Musharraf may or may not be the best option for Pakistan, but as far as India’s self interests are concerned, he is our best bargain. An unstable and nuclear powered Pakistan will be a great threat to international community in general and to India in particular. The last we want is to see the nuclear button under control of a fanatic wahaabi, who gets his inspiration from the middle east and considers sufi traditions of the subcontinent as “innovations” in Islam. Howsoever dictatorial, Musharraf is a professional soldier who understands the risks of a nuclear war. We cannot say the same thing about hordes of criminal gangs roaming in that country masquerading themselves as “saviors” of Islam.
I believe, in today’s scenario India should use her full diplomatic leverage to support Mush.
I disagree entirely. It is one thing to say that we should deal with whosoever is in power in Pakistan. It is quite another to say that we should actively support Musharraf. That last thing we should be doing is to prop up an unpopular leader whose days are numbered, whether we support him or not. In any case, our leverage to influence events within Pakistan, if it exists at all, is so limited that our support is going to do nothing to help him prolong his regime.

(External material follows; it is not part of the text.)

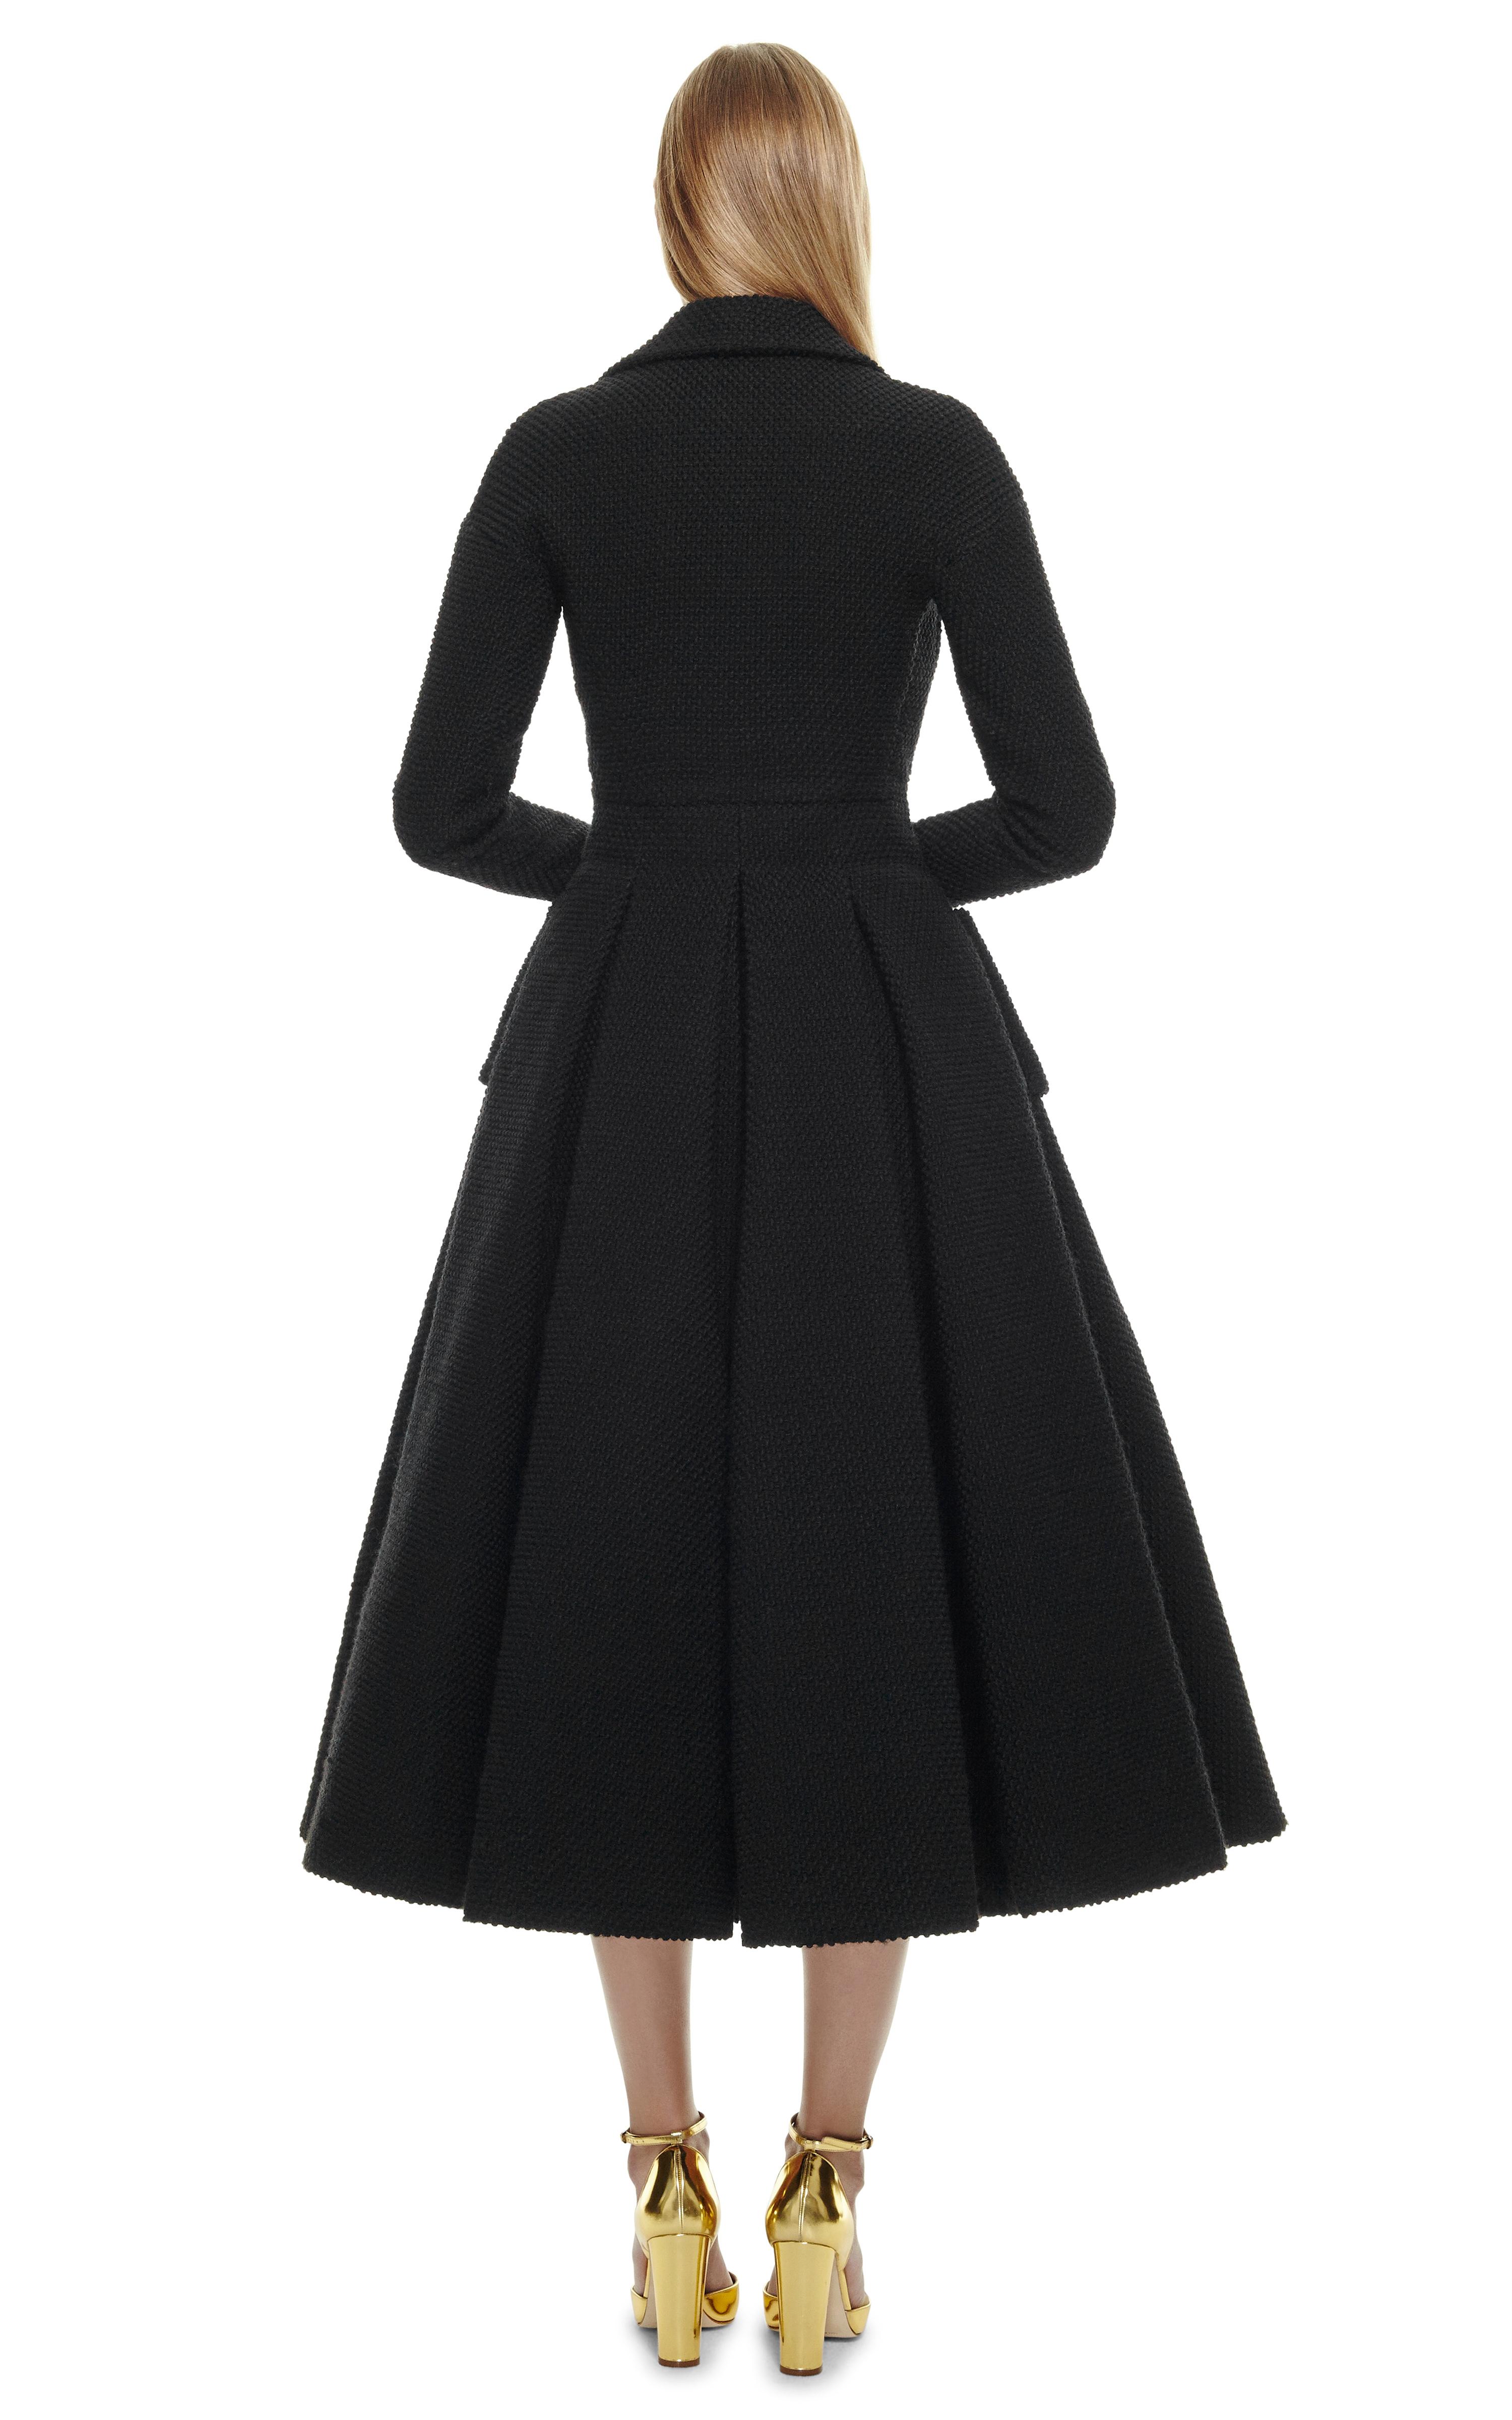 Emilia Wickstead C Coat Dress With Tuille Fusing In Black

Our support should always be for the people of the country – that will earn us goodwill. We should also keep a vigil on our borders – whenever Pakistani leaders have had domestic unrest, they have tried to divert attention of the public against India and use that to unite the people behind them. Musharraf can go to any lengths to attain his goals and if it seems beneficial for him, I don’t have any doubt that he would abandon his current stance of detente towards us and act against our interests. Kargil is a prime example.
Thus, we should adopt a two-pronged strategy. Don’t do anything to aggravate the situation with Pakistan. Adopt Narasimha Rao’s “inaction is action” policy on the foreign policy front. Simultaneously, take action on the defensive front – stepping up the vigil on the borders, stepping up intelligence to prevent any major re-activation of sleeper cells within India and so on. Till now, it seems like the Government of India is adopting this very two-pronged strategy.

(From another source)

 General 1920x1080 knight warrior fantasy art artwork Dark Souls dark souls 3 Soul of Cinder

Seal the border so there’s no attempts to divert attention from Musharraf; and let them figure it out on their own. Any type of interference or attempt to influence things will backfire; we must make sure we protect ourselves, but beyond that, we don’t have a role.
And as far as the U.S. role is concerned, there has certainly been a negative influence, but what about the Chinese role in supporting the Pakistani military dictators? Certainly this has also been a negative influence. And regardless, it is Pakistanis themselves who decided to put religious identity on a pedestal, above all else; everything that is happenning now can be traced back to that decision, and their slide into Talibanization cannot be reversed without reconsidering the role of religion in national identity.
I agree with Asad in a sense that no democratic power can challenge the terrorists and reign in the army at the same time in Pakistan. A strategy should be made to weaken pakistan from a military point of view. A stronger economic pakistan might be good but not a military one. I will also strategically like to see Pakistan merge back with India or parts of it merging back with India as this will make Indian Muslims stronger and as well finishing of a perennial enemy.
“I will also strategically like to see Pakistan merge back with India or parts of it merging back with India as this will make Indian Muslims stronger and as well finishing of a perennial enemy.”
This is totally uncalled for.
We should respect their right to separate existence as much as we respect our own. Imperialism has never solved any problem for anyone. If we cannot respect their right as a separate nation, what rights do we have to expect it from them? The solution lies in mutual respect on reciprocal basis. Jingoism – either of the left or the right – is a recipe for doom.